Figure 3.

PUB22 Stabilization Is Dependent on MPK3.

(A) HA-PUB22 was expressed alone or with cMyc-MPK3 in Col-0 and mpk3 background and treated with DMSO or flg22 (100 nM) for 45 min in Arabidopsis protoplasts. Band intensities were determined and amounts relative to HA-PUB22 in Col-0 calculated. The experiment was repeated with similar results.

(B) Luciferase (Luc) PUB22 fusion was coexpressed with MPK3 or MPK6 in mpk3 protoplasts. Luminescence was measured in control (water) and flg22 (100 nM) treated samples after 30 min. Relative luminescence to control samples after flg22 is shown as average ± sd obtained from three independent experiments. Statistical significance was assessed by Student’s t test, *P < 0.05.

(C) GFP-PUB22 was coexpressed with cMyc-MKK5 AspAsp (active) or cMyc-MKK5 LysArg (inactive) versions in Arabidopsis protoplasts. Samples were taken after 8 h incubation. The experiment was repeated three times with similar results.

(D) GFP-PUB22 wild-type and mutant variants were constitutively expressed in Arabidopsis protoplasts to test protein accumulation. Shown are samples from two independent transformations. Arrowhead highlights PUB22 and mutant variants.

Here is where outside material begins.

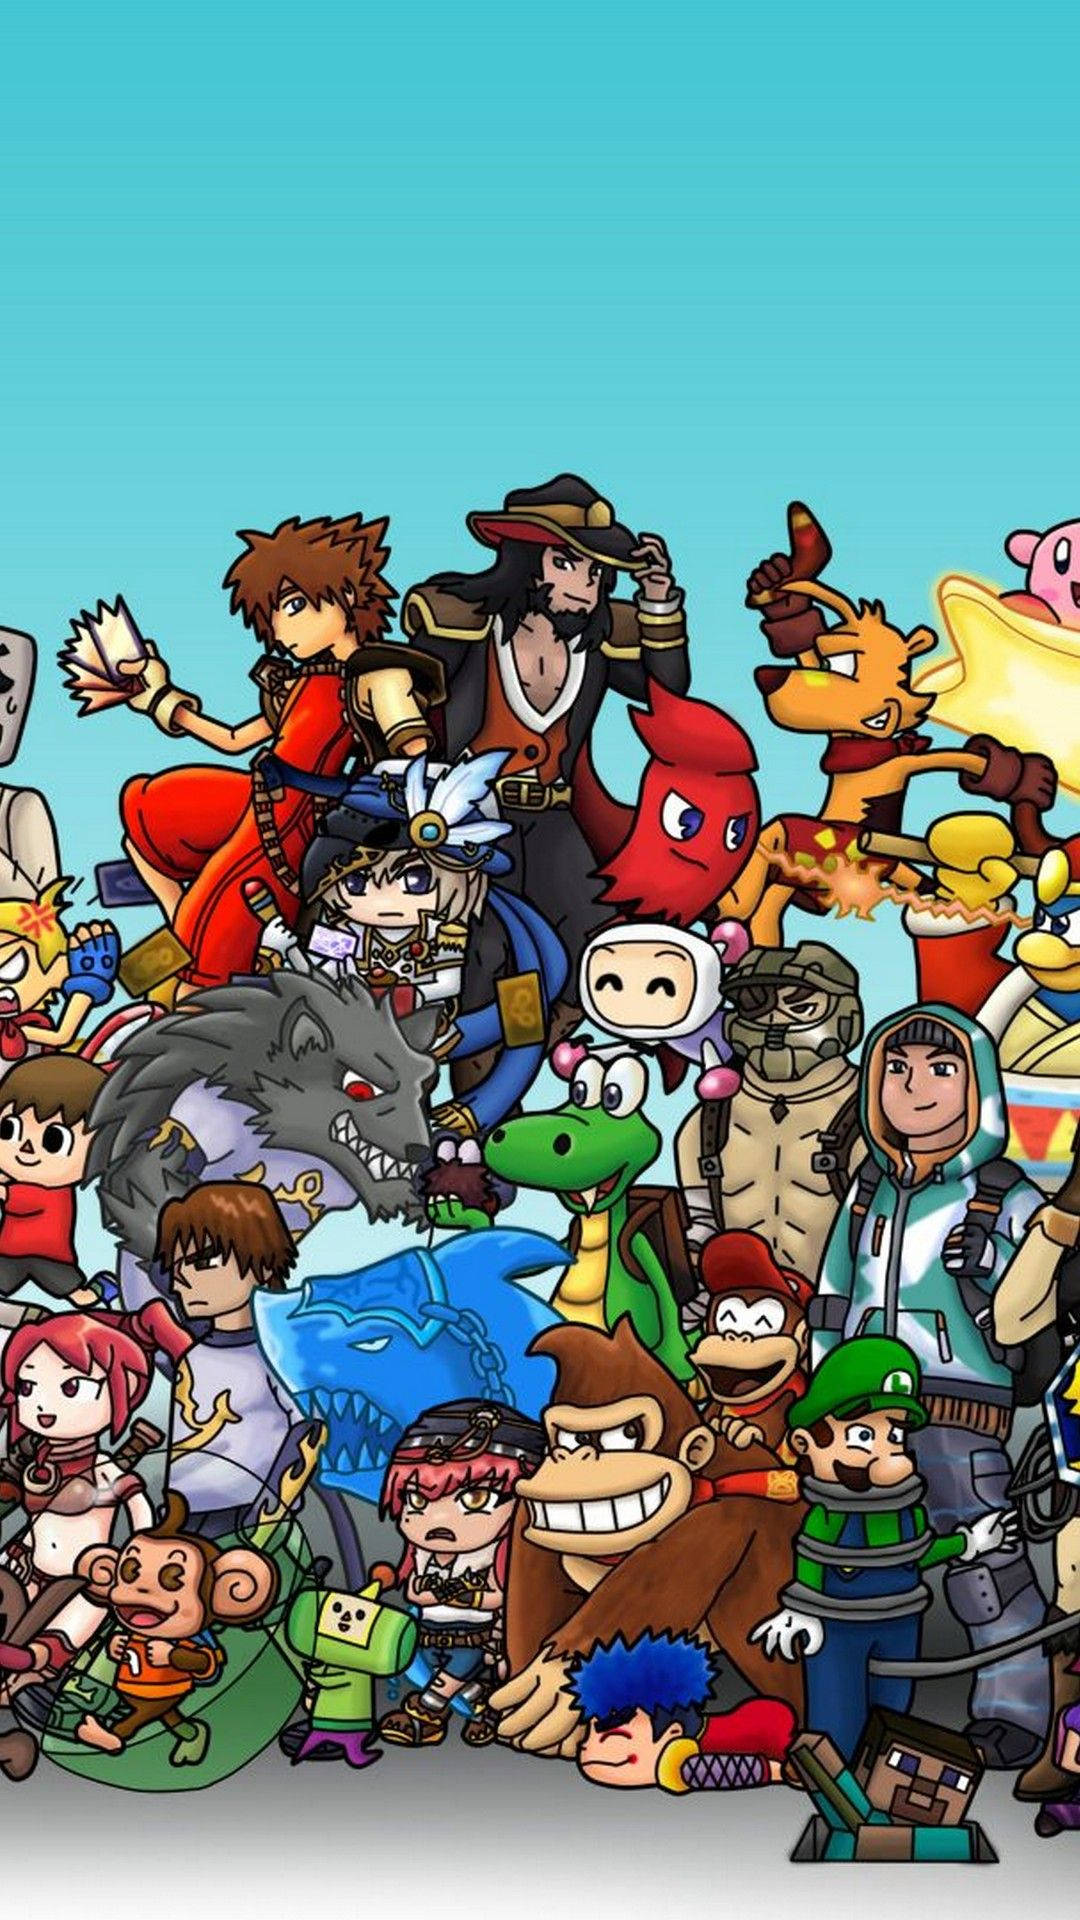 Epic Battle: Android Gaming Characters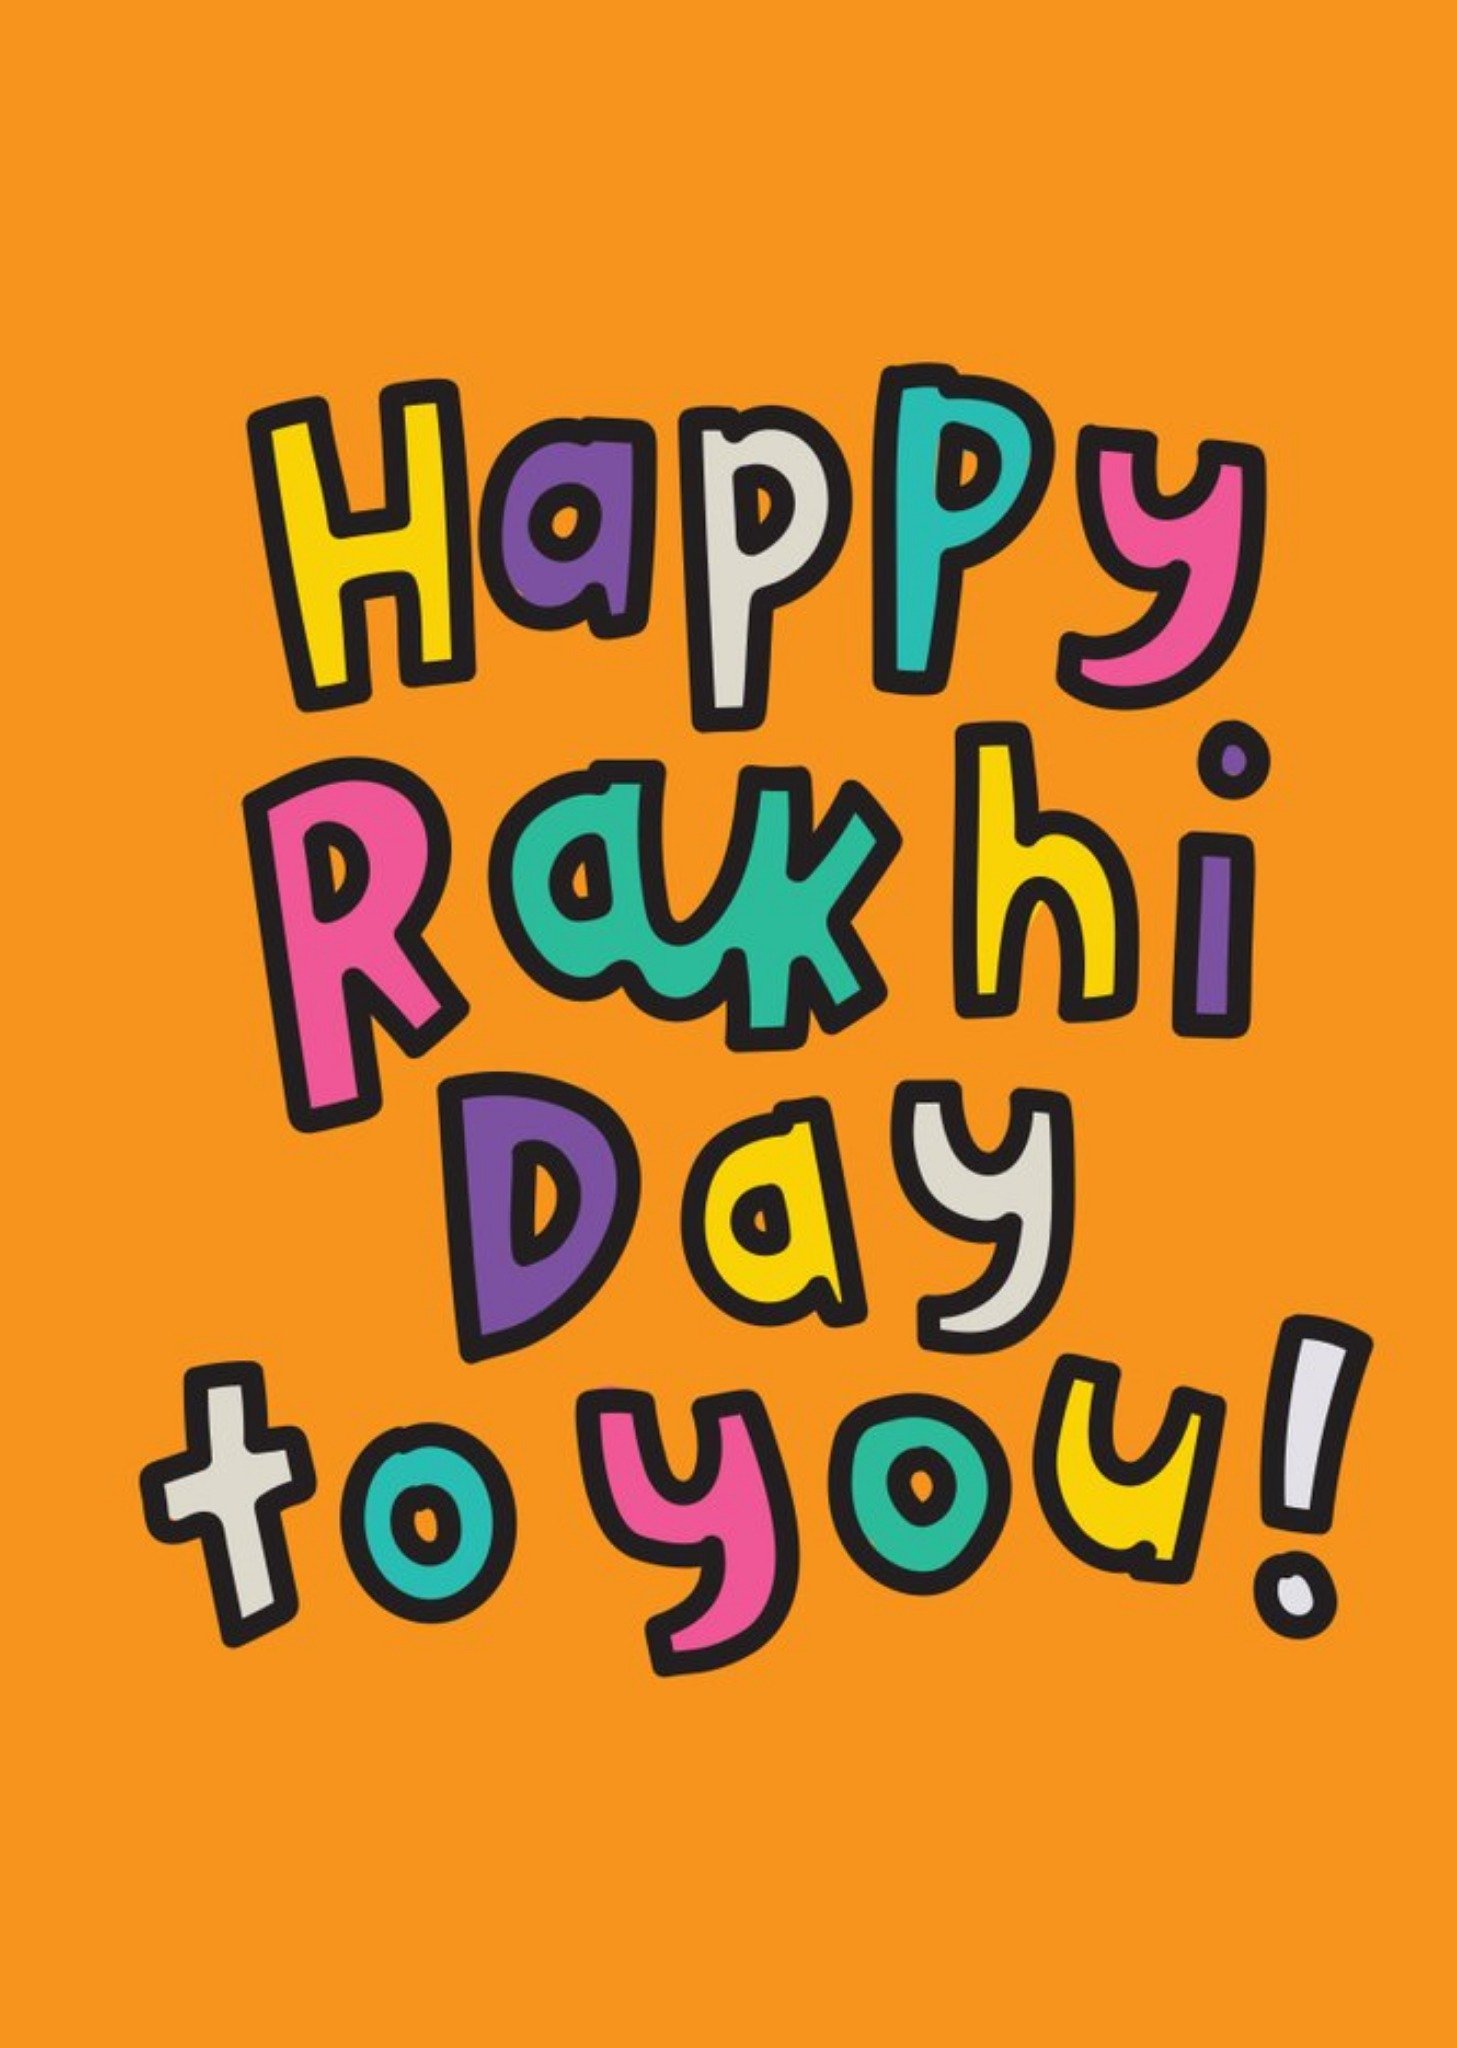 Moonpig The Playful Indian Bright Typographic Happy Rakhi Day To You Card Ecard

(E) UBQ10:GFP-PUB22/pub22 pub23 pub24 independent transgenic lines (A and B) constitutively expressing GFP-PUB22 wild-type and mutant variants were treated with CHX (50 µM), and samples were taken at the indicated times. The experiment was repeated three times with similar results.

(F) UBQ10:GFP-PUB22/pub22 pub23 pub24 transgenic seedlings constitutively expressing GFP-PUB22 wild-type and variants were treated with flg22 (1 µM) for the indicated times to determine protein stabilization. The experiment was repeated three times with similar results.